На ум ординатору внезапно пришло воспоминание о последней их встрече. Понятно, что, хватив едва ли не полштофа водки, Иван Несторович не отдавал себе отчета, видит ли он перед собой кого, слышит, или то был хмельной бред. Но все время, пока он жил у госпожи Шуберт, он в каждом сне ее видел, слышал, ловил ее прикосновения. Голова шла кругом от этого полумистического-полубредового необъяснимого ощущения. Это что ж за оказия такая?

Нашла вдруг на Иноземцева небывалая ясность рассудка, будто тучи разверзлись и засияло на голубом небосклоне красно солнышко. Как так можно было жить, точно в тумане, точно пьяный?

А сейчас будто другим человеком, как будто прежним Иноземцевым сделался — каким был, когда учился в академии или же только-только поступил на должность ординатора.

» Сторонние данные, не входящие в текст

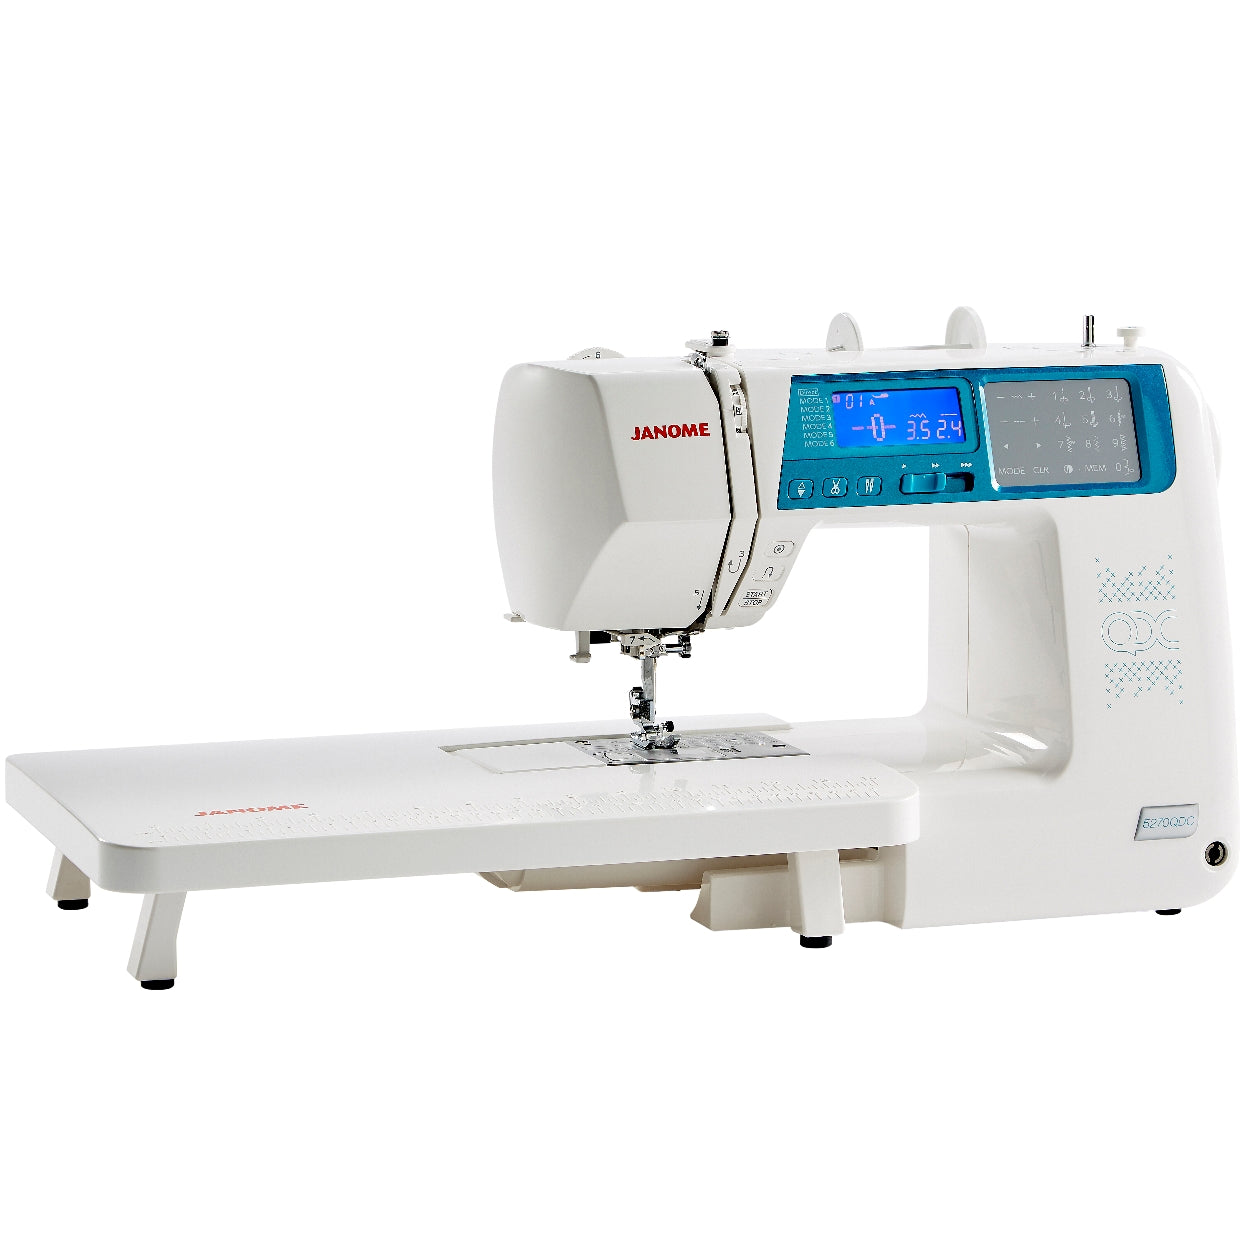 Janome 5270QDC sewing machine with extension sew table included | Jaycotts.co.uk

Поезд мчался, а он все искал впотьмах своего странного разума ответы.

Потом вдруг вспомнил, что вел дневник, достал его, нацепил на нос очки и углубился в чтение.

Кто-то другой на его месте, может, и сказал бы, что произошедшее — бред помутившегося рассудком и только. Но Иноземцев считал, что во всем белом свете нет ничего невозможного и необъяснимого. Просто так ничего не происходит, всякому явлению всегда можно найти определенное толкование и причины.

Ясно, с приезда из Бюловки и до теперешнего побега Иван Несторович как будто был не в себе. Поначалу это объяснялось излишней впечатлительностью ординатора. А впечатлений из Бюловки он привез — на всю жизнь достанет. Потом же вдруг на него напала небывалая работоспособность и самоотверженность. Тоже примета нездоровья — не стал бы Иван Несторович в здравом уме себя резать для трансплантаций. Болезненное самолюбие, бредовая жажда выставиться умником — вот тебе и еще симптом.

Слетел с катушек. Вот так взял и слетел? А объяснение? Объяснение тому где?